His heaviest lion was a 5 years old animal scaling 225 kg. The animal was weighed dead. He open his stomach and found nothing inside. He was surprised by the amount of subcutaneous and intestinal fat as reported because significantly higher then normal. I can also tell you that Smuts heaviest female lion was a 5 years old animal with no stomach contents.
Smuts was also conservative in the weight statistics he provided from samples pulled or taken accounting individuals weighed by zoologists / game wardens in other region of Africa for comparison. For instance in East Africa he pulled lions from different sources apparently including those from Meinertzhagen (1938). Meinertzhagen (1938) was not a zoologist in the true sense of term, but his paper is a peer reviewed scientific publication.
In that sample a massive 185,5 kg female lion is reported. Smuts did not include that individual. Why? I believe because he included no freak individuals from any sample or individual weights of lions weighed in other parts of Africa by very respected sources he completely trusted perhaps as he was unable to weigh any freak lion over the many years working in Kruger NP and therefore a much unlikely occurrence in general if he realized he was unable to even just spot by sight at least one of them. Or much more likely because freak individuals can screw up statistics a lot particularly in small samples.

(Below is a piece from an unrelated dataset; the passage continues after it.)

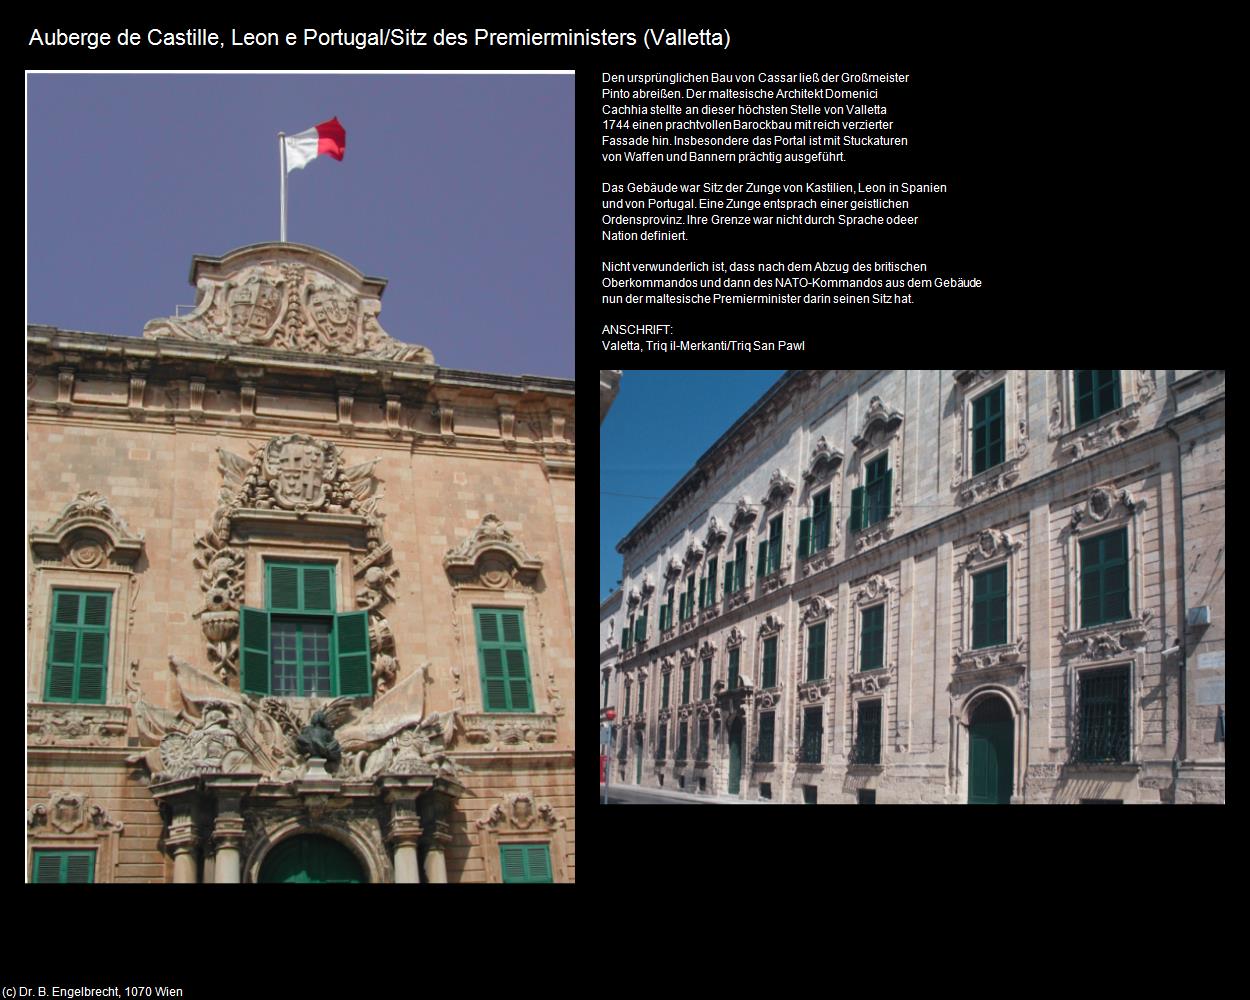 Auberge de Castille-Leon-Portugal/Sitz des Premierminsters (Valletta auf Malta) in Malta - Perle im Mittelmeer

I am aware of over half a dozen wild female lions weighing in excess of 175 kg, one weight coming from a pregnant female. These figures appears reliable, two of them even appear in peer-reviewed scientific papers, others in quite respected scientific sources although one data reported is clearly very much unrealistic (a wild female lion well in excess of 200 kg) , others in hunting / game books. However I do not feel particularly comfortable with those weights and that one of 185,5 kg from Meinertzhagen (1938) is one of them.
I have always suspected that the individual was tagged in the sample as a female for a mistake: in the paper her data are shown as first female in the row just below the last male. Maybe there has been a typing mistake and she actually was a male. Bear in mind that the heaviest male in Meinertzhagen (1938) sample weighing only 191 kg is definitely very far from being as impressive as the heaviest female. The two things are not related, but it is definitely interesting to note that computing the standard range over an hypothetical sample of 1000 individuals and its min and max 1% probability, this range would result in ca. 79 kg for males and ca, 177 kg for females with upper 1% probability equal to ca. 146 kg for males and ca. 588 kg for females, While these values for the male sample makes sense for the female sample are totally unrealistic and the standard range should instead lie for the females below the 1% probability lower limit (ca. 89 kg for females and ca. 50 kg for males).